> [Task]:
What is wanted is the full listing, word for word, without its pictures.

> [Provided data]:
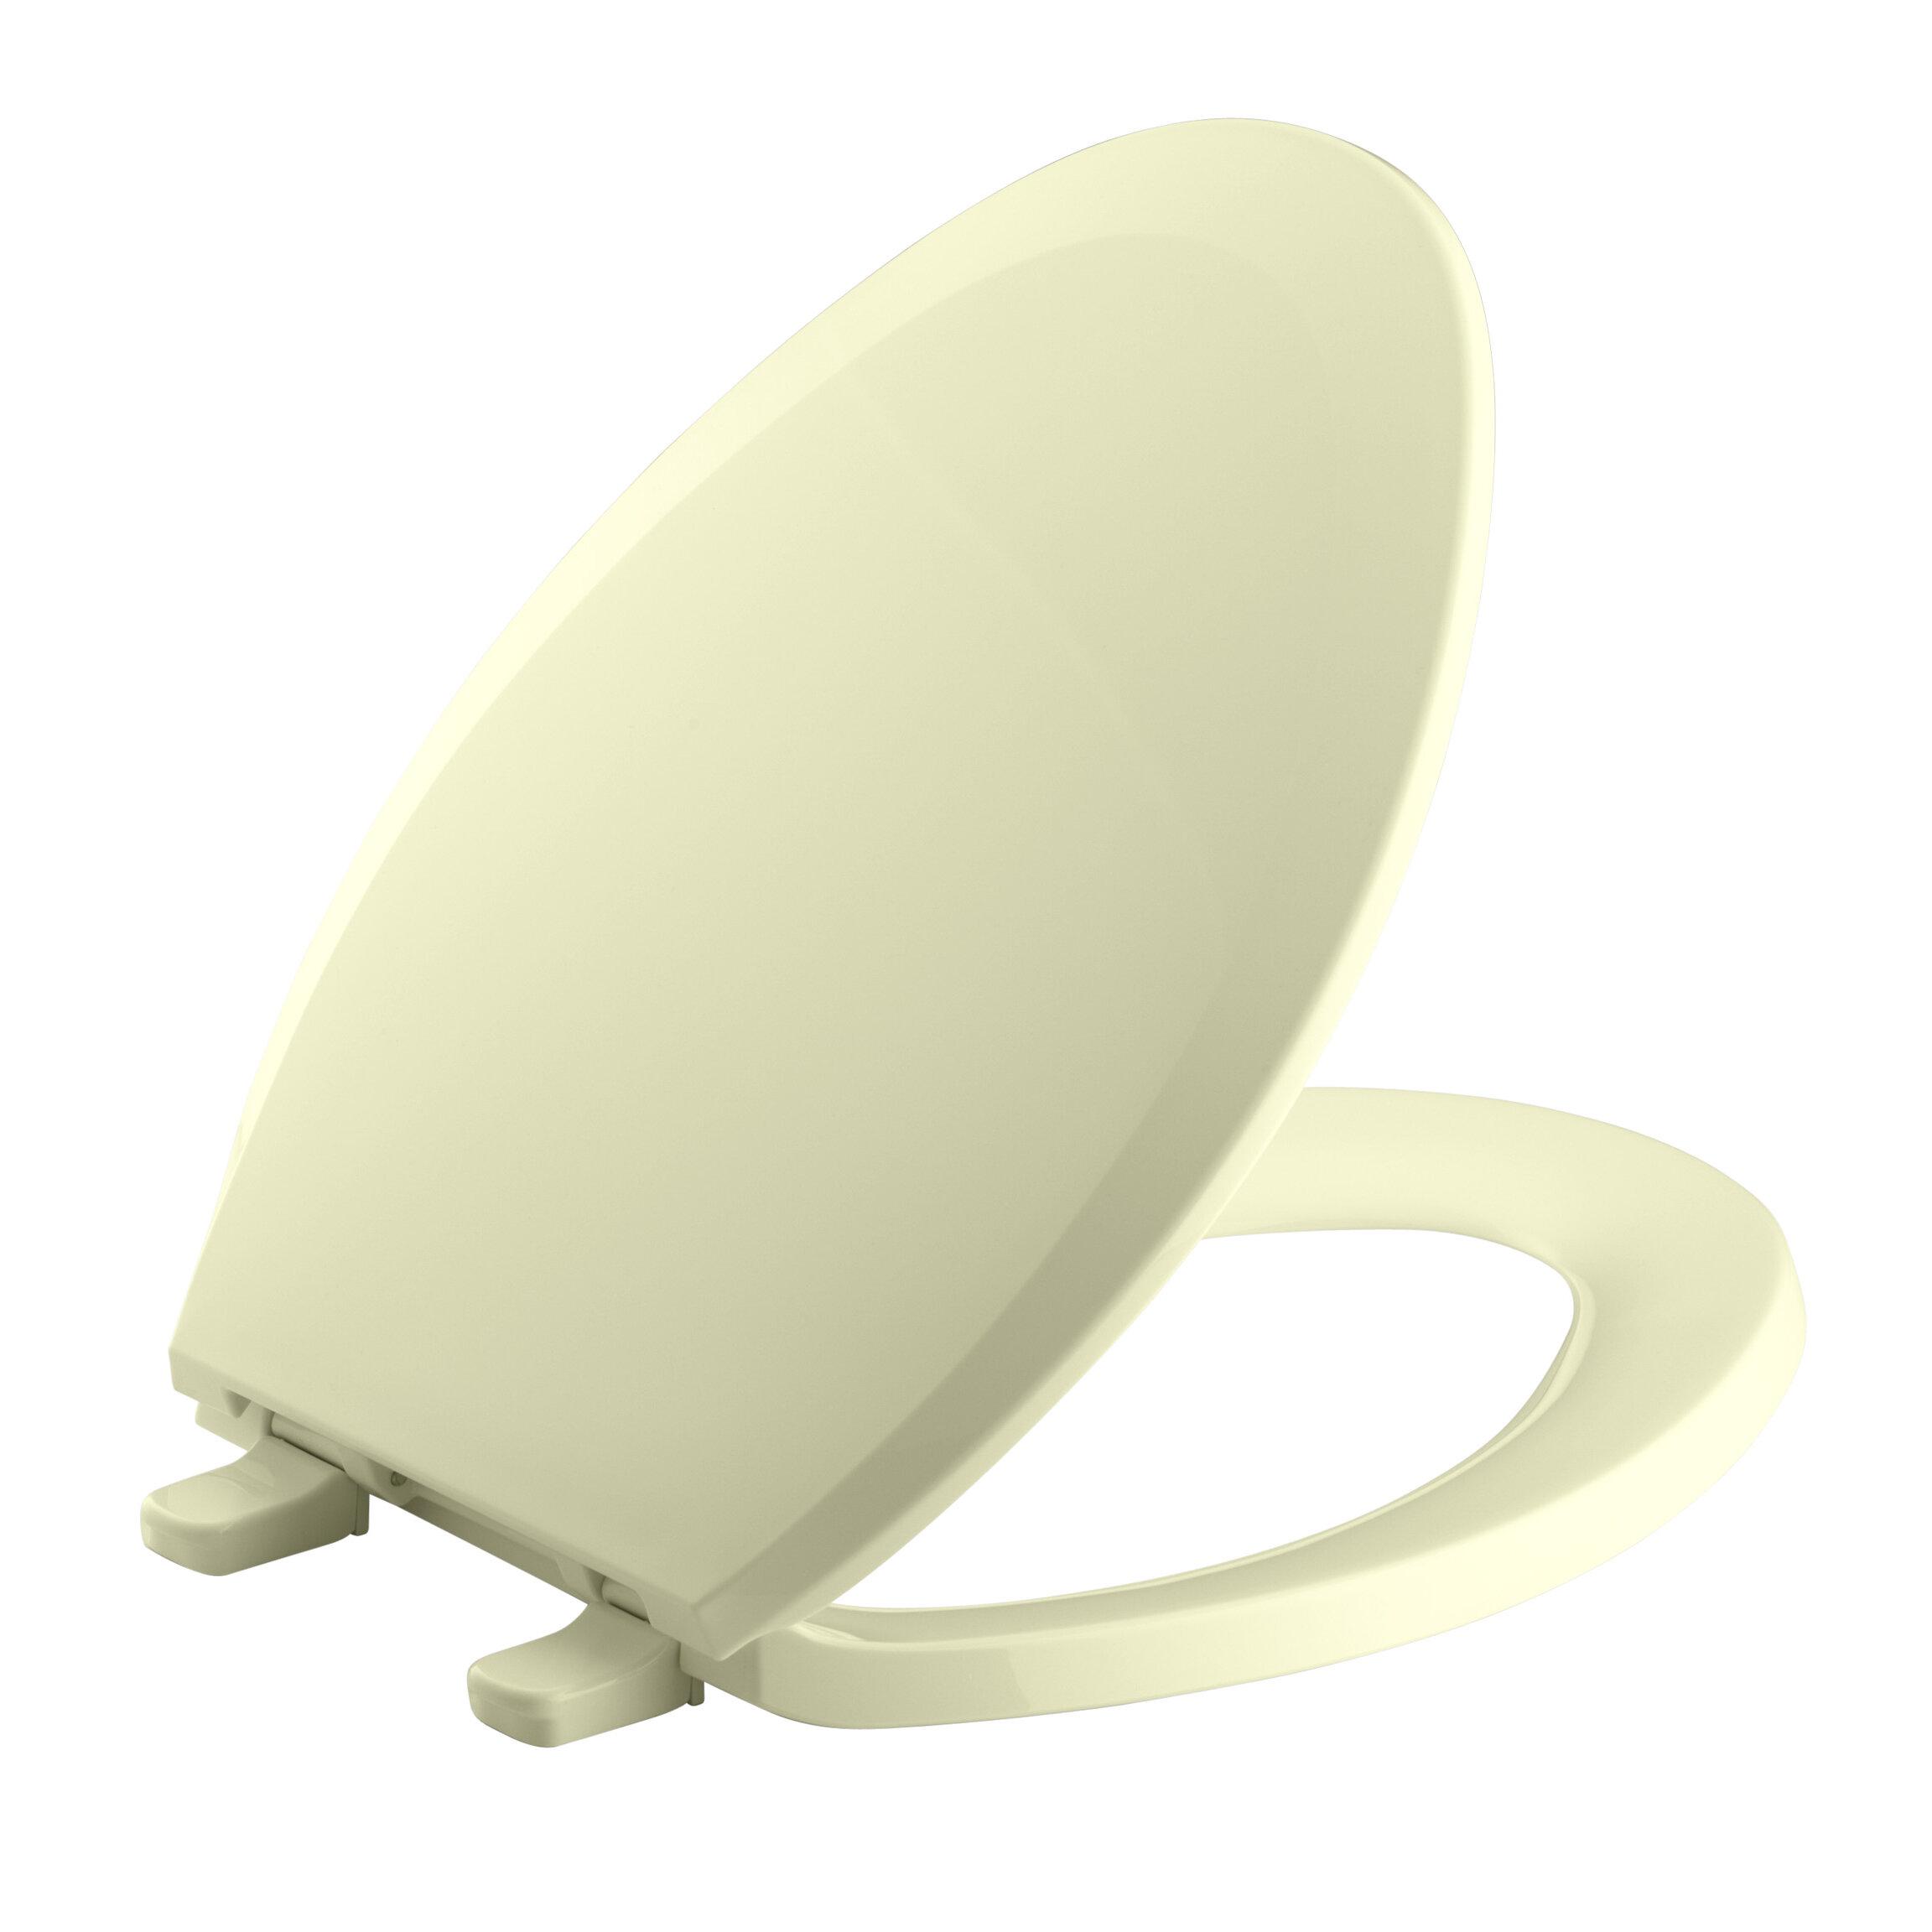 Pleasant Kohler Lustra With Quick Release Hinges Elongated Toilet Seat Uwap Interior Chair Design Uwaporg
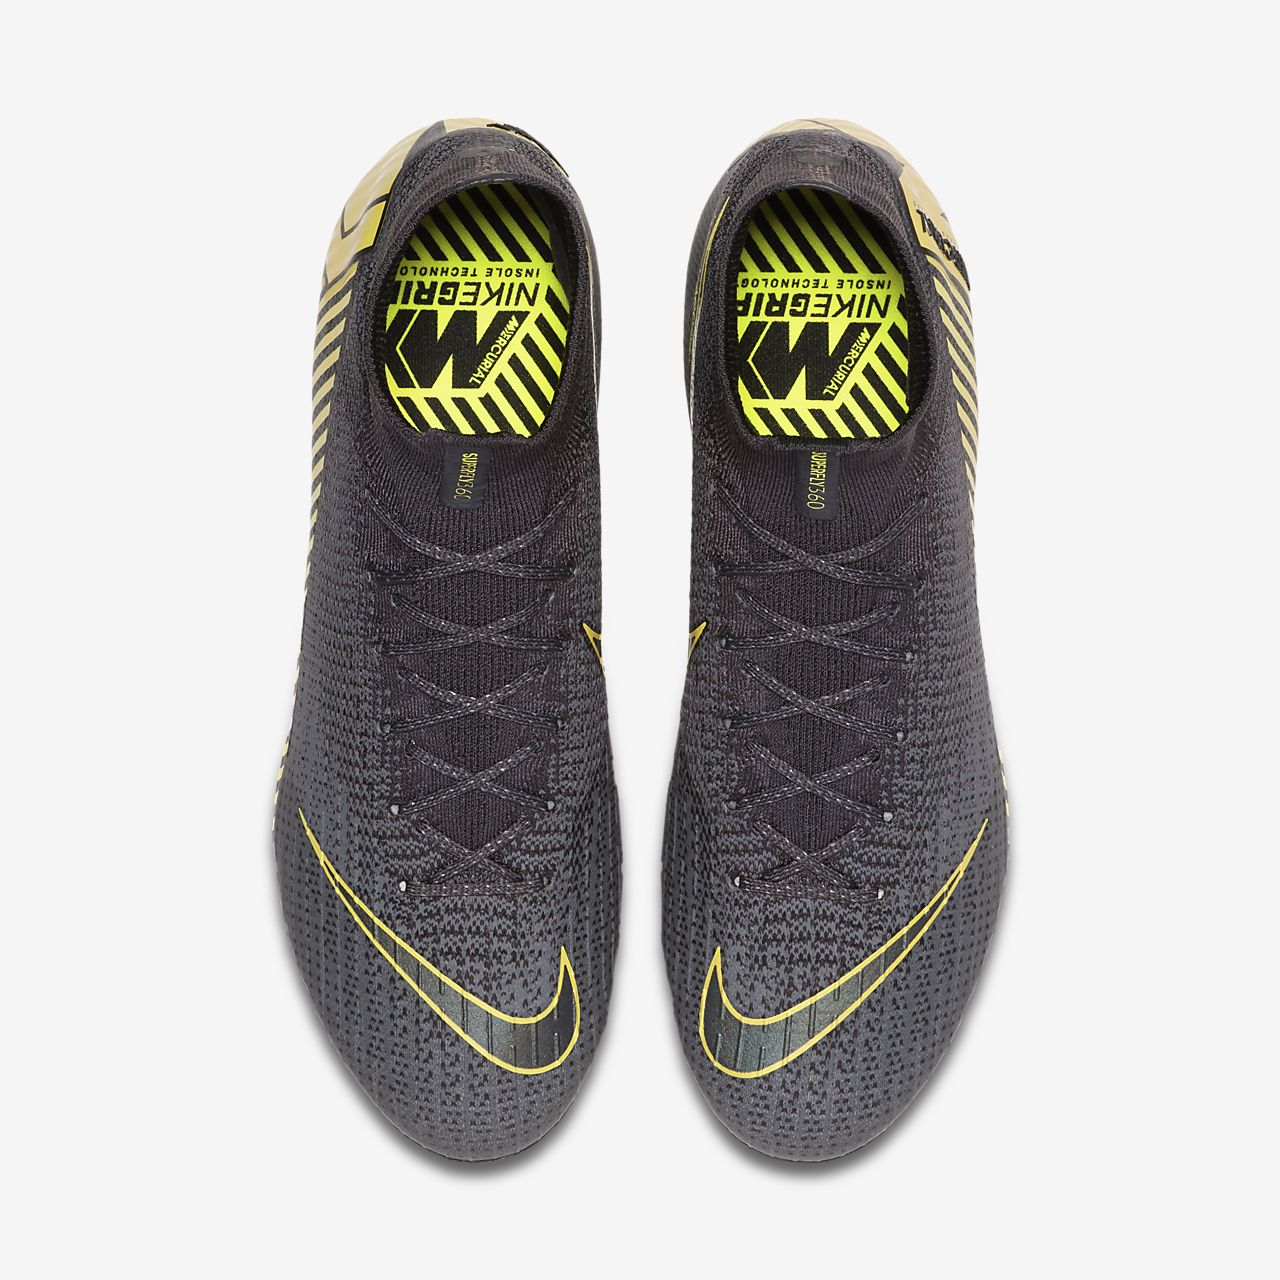 Pour De Terrain Gras Nike Football Mercurial Crampons À Chaussure OkTPuiXZ
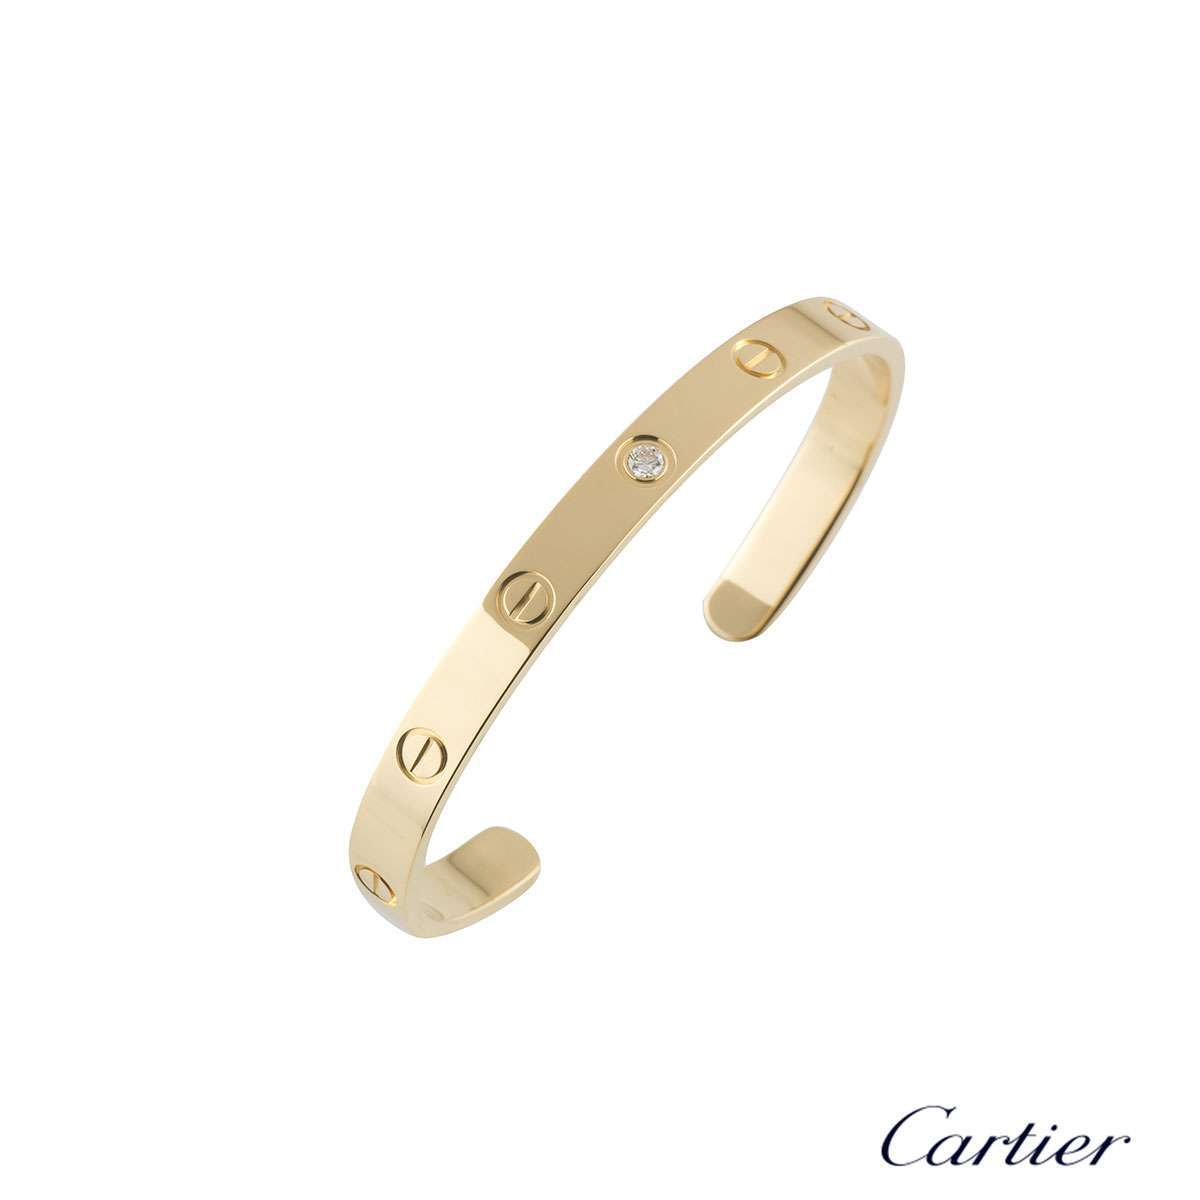 Cartier Love Cuff Diamond Bracelet Size 16 B6029816

> [Exercise solution]:
 Pleasant Kohler Lustra With Quick Release Hinges Elongated Toilet Seat Uwap Interior Chair Design Uwaporg
 Pour De Terrain Gras Nike Football Mercurial Crampons À Chaussure OkTPuiXZ
 Cartier Love Cuff Diamond Bracelet Size 16 B6029816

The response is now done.